Ich habe mich nochmal etwas mit dem Google Street View Kunstprojekt von Jon Rafman beschäftigt. Auf dem Fotoblog The Nine Eyes of Google Street View sammelt der Künstler Jon Rafman sehr bemerkenswerte Fotographien aus Google Street View. Sein Ansatz ist dabei, in den automatisch produzierten, scheinbar neutralen Aufnahmen Referenzen zu Fotogenres und Stilrichtungen zu suchen. Daraus ist auch eine Ausstellung entstanden, die Google Street Views.
Jon Rafman schreibt selber über sein Projekt in einem Gastartikel auf artfagcity.com:
The world captured by Google appears to be more truthful and more transparent because of the weight accorded to external reality, the perception of a neutral, unbiased recording, and even the vastness of the project.
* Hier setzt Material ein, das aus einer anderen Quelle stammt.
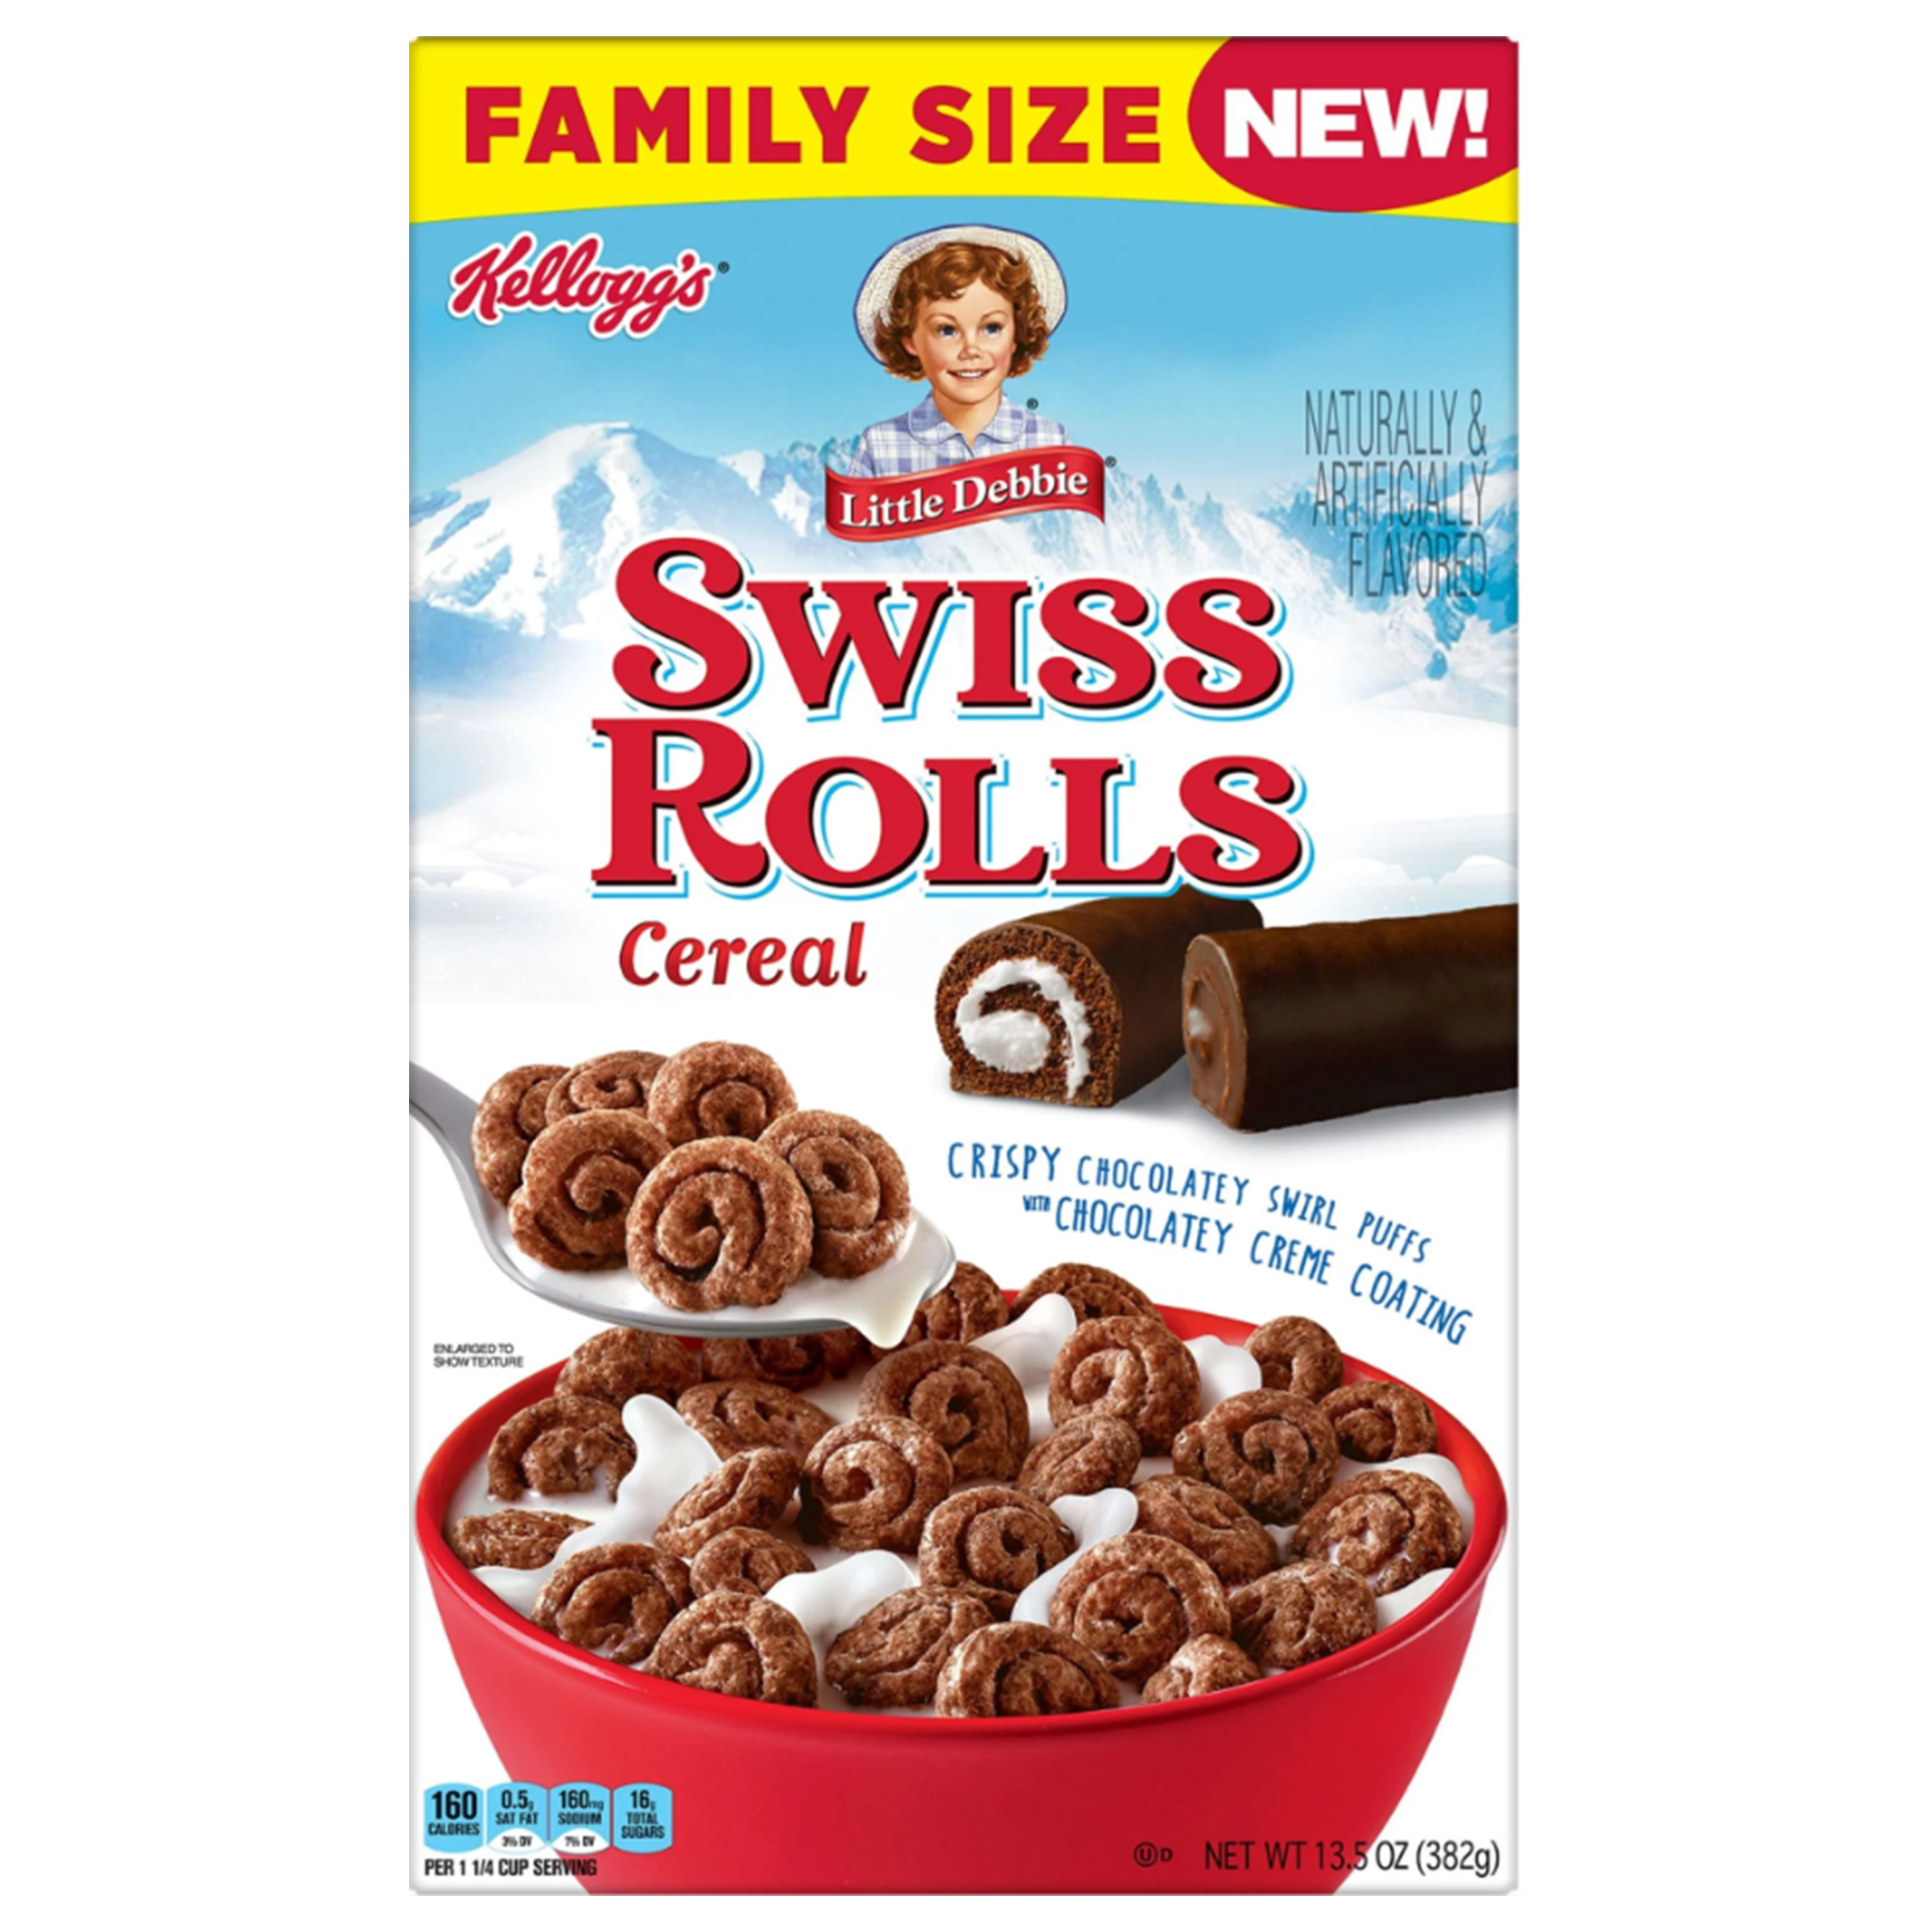 Little Debbie Swiss Rolls Cereal - Family Size

At the same time, I acknowledge that this way of photographing creates a cultural text like any other, a structured and structuring space whose codes and meaning the artist and the curator of the images can assist in constructing or deciphering.
(…)
With its supposedly neutral gaze, the Street View photography had a spontaneous quality unspoiled by the sensitivities or agendas of a human photographer. It was tempting to see the images as a neutral and privileged representation of reality—as though the Street Views, wrenched from any social context other than geospatial contiguity, were able to perform true docu-photography, capturing fragments of reality stripped of all cultural intentions.
Das alles erinnert mich an den Wim Wenders Film „Lisbon Story“ von 1994. Darin will ein Regisseur einen Film über Lissabon drehen und legt darauf wert, so zu tun, als ob die ganze bisherige Filmgeschichte nicht stattgefunden hätte. Er zieht alleine mit einer Handkamera durch Lissabon und versucht sich frei von Referenzen seines eigenen Bildwissens zu machen. Das gelingt natürlich nicht. In seiner künstlerischen Not schreibt der Regisseur einen Hilferuf an einen befreundeten Toningenieur. Als der Toningenieur in Lissabon ankommt, kann er seinen Freund nicht finden. Nur den angefangenen Film findet er vor. Er entscheidet sich, zu warten und beginnt seinerseits die Töne der Stadt aufzunehmen. Irgendwann laufen die beiden sich schließlich über den Weg. Der Regisseur ist inzwischen dazu übergegangen, mit einer Videokamera auf seinem Rücken ganz wahllos zu filmen, während er durch die Stadt spaziert, genießt und sich vollkommen frei gemacht hat vom Anspruch des selektiven Blicks eines Kameramanns.
Wim Wenders hat zwar in seinem Film nicht die Google Street View Autos vorweggenommen. Aber Google hat quasi den Anspruch des Filmemachers aus „Lisbon Story“ systematisch umgesetzt. Und Jon Rafman re-kontextualisiert das scheinbar neutrale Streetview Bildmaterial und stellt damit implizit die Frage nach dem Zusammenhang von Kunst, dem Zufall und der Selektion des Betrachters im Prozess der automatischen Bildproduktion. Harun Farocki, bitte übernehmen sie!